• Task details: The reply must consist of the complete listing, reproduced exactly, with no images included.

• Supplied material:
══════
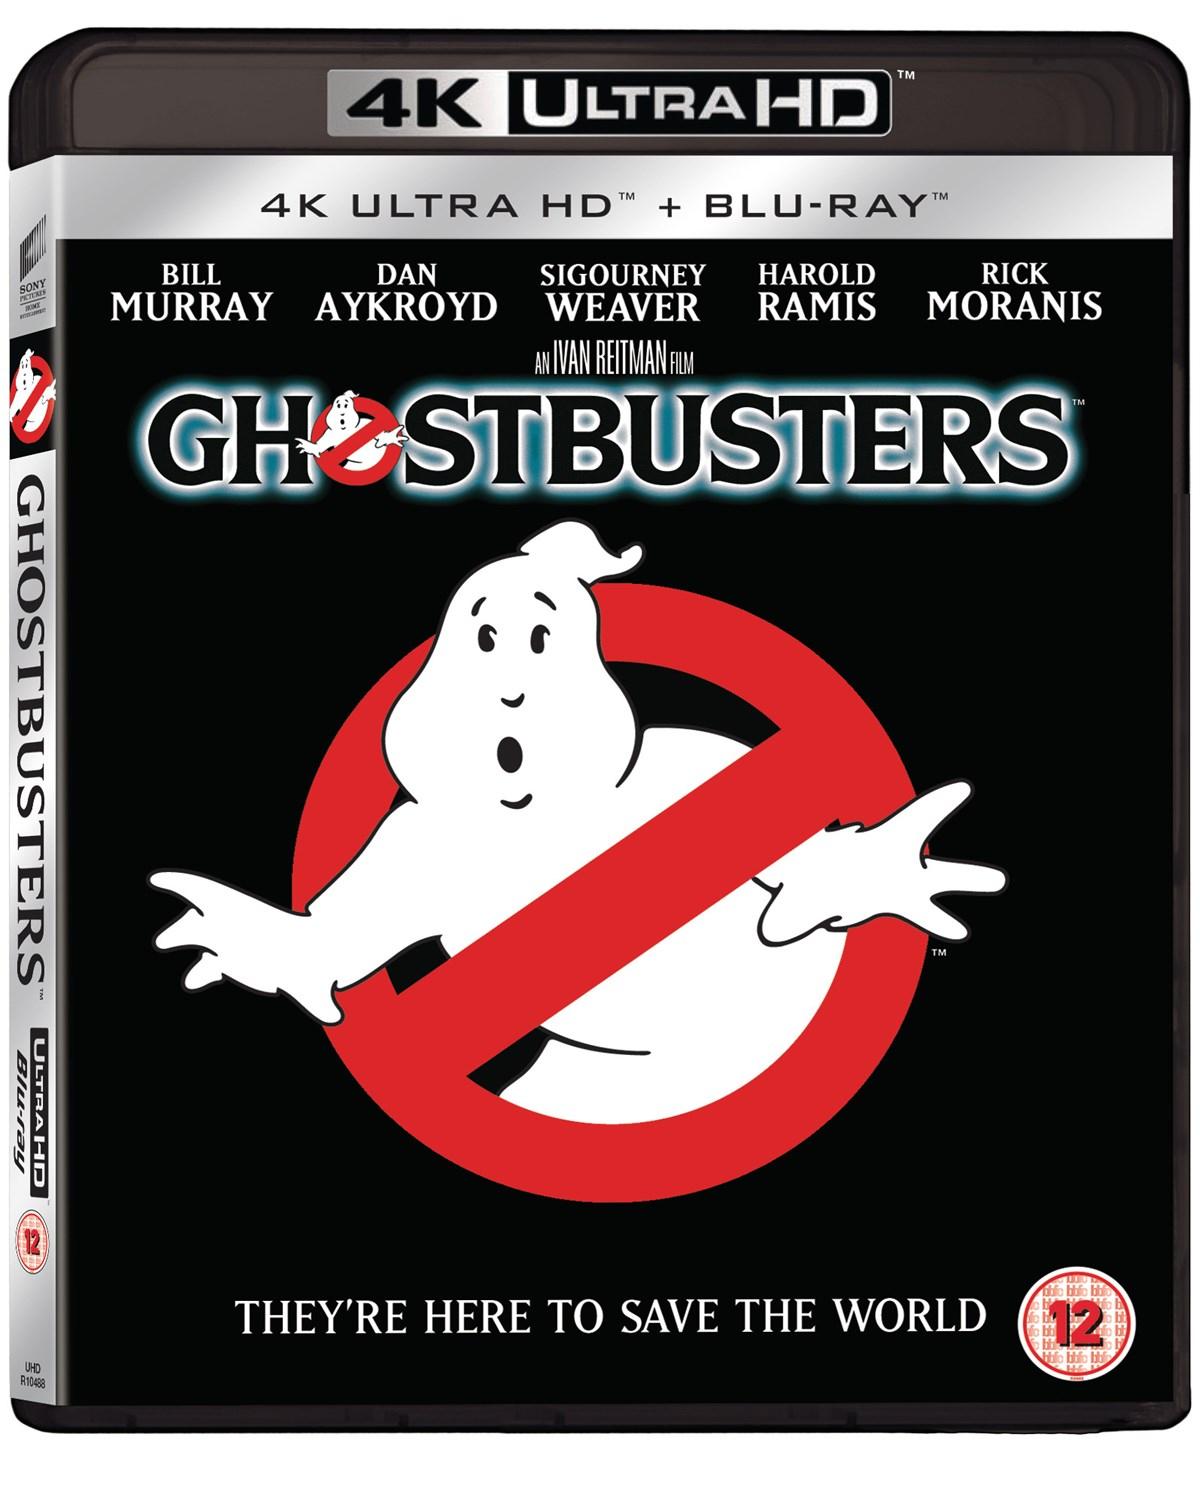 Ghostbusters (4K Ultra HD + Blu-ray) für 13,31€ inkl. Versand (Zoom UK)
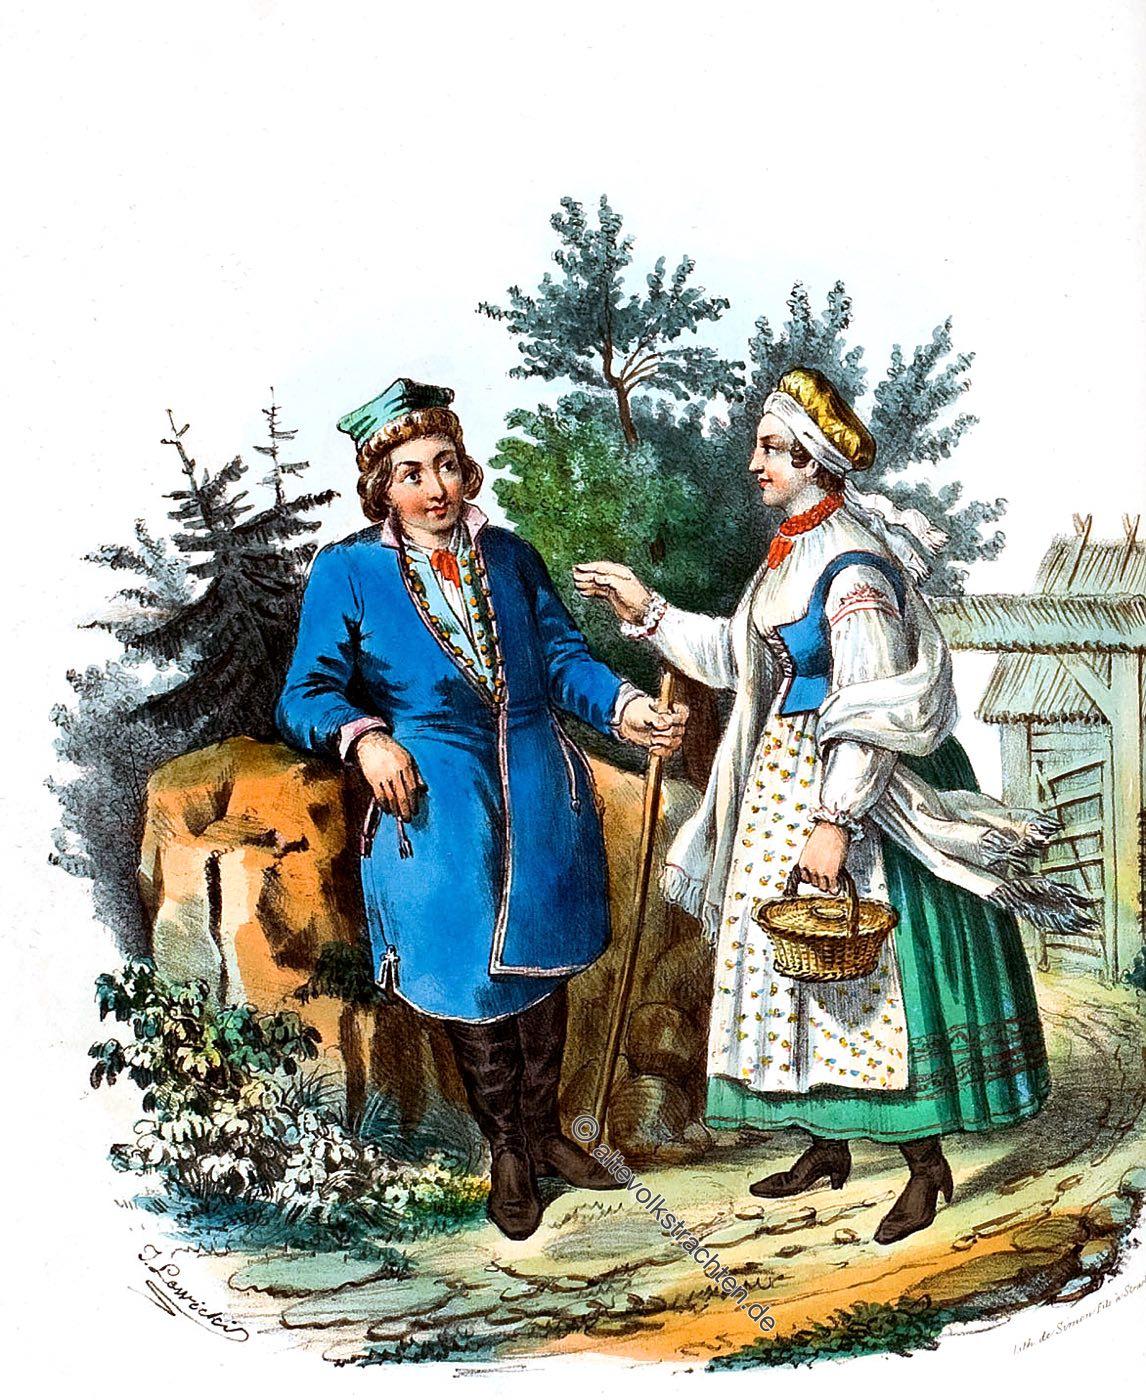 Skawina, SKAWINIACY, Trachten, Polen, Landleute, Bauerntrachten
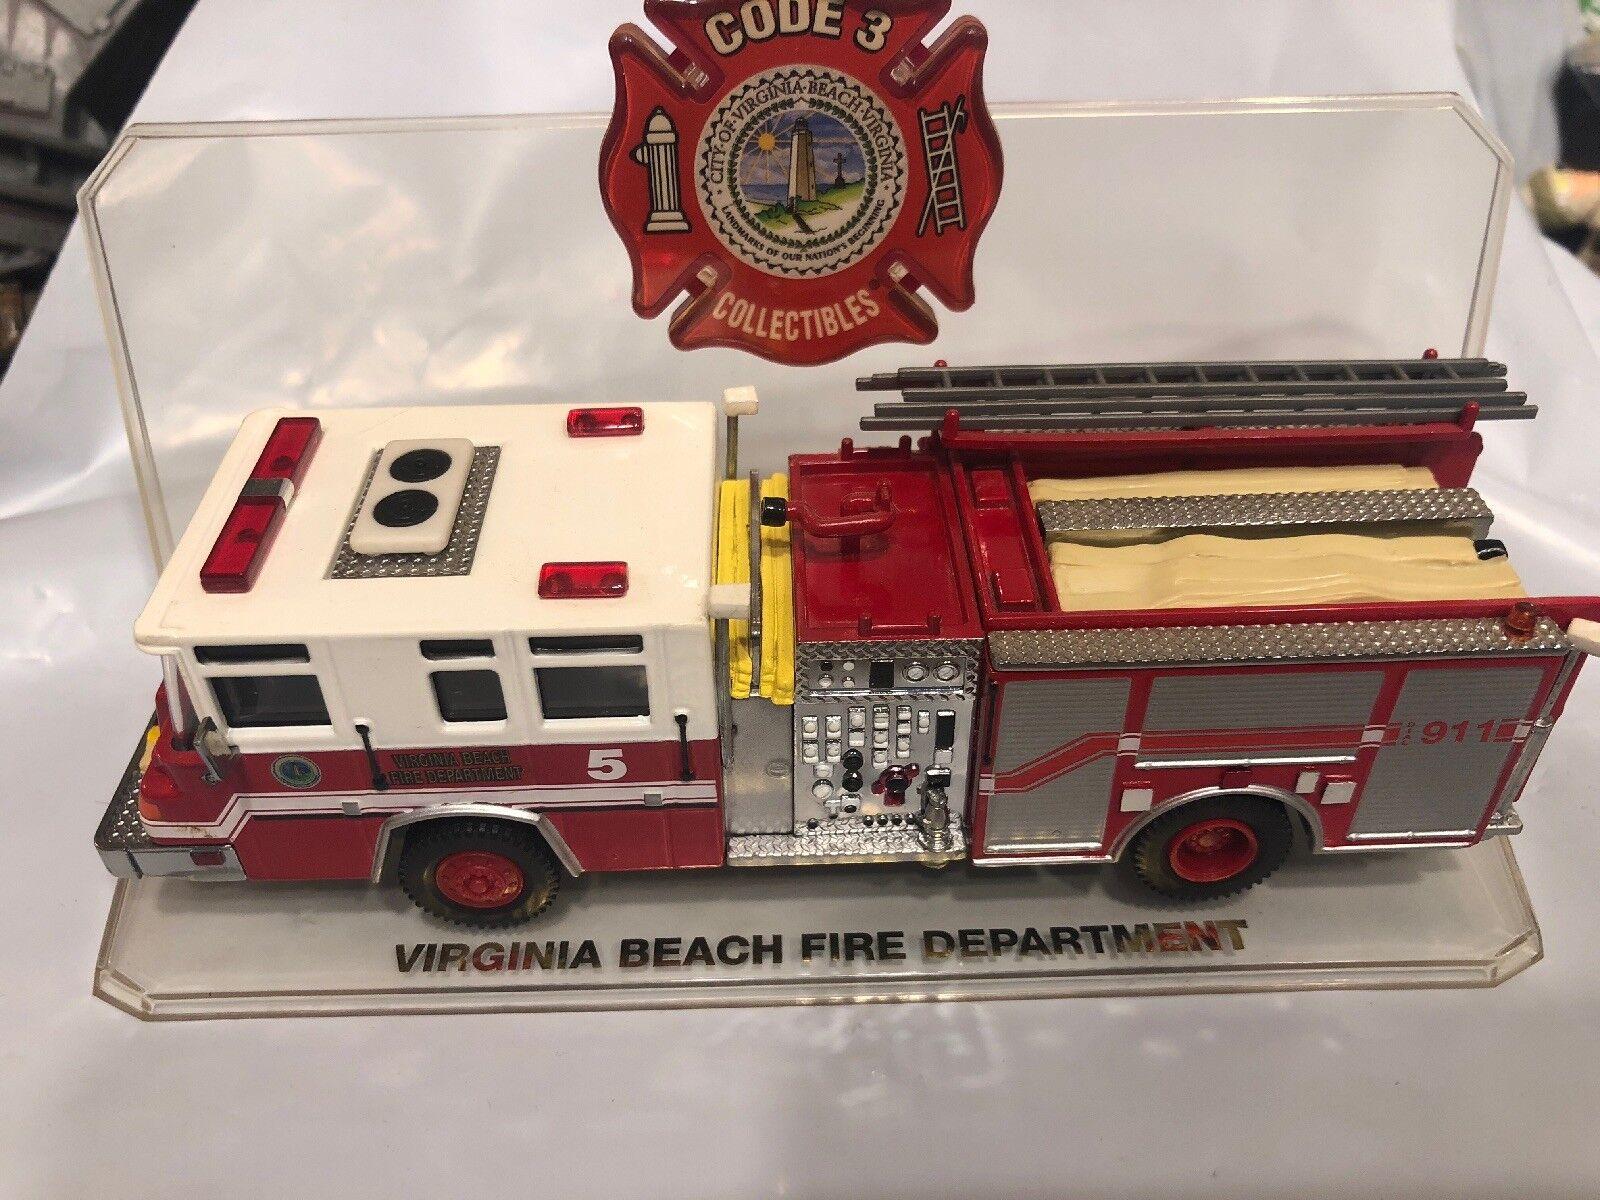 CODE 3 VIRGINIA BEACH FIRE DEPARTSieT ENGINE 5
══════
• Response:
 Ghostbusters (4K Ultra HD + Blu-ray) für 13,31€ inkl. Versand (Zoom UK)
 Skawina, SKAWINIACY, Trachten, Polen, Landleute, Bauerntrachten
 CODE 3 VIRGINIA BEACH FIRE DEPARTSieT ENGINE 5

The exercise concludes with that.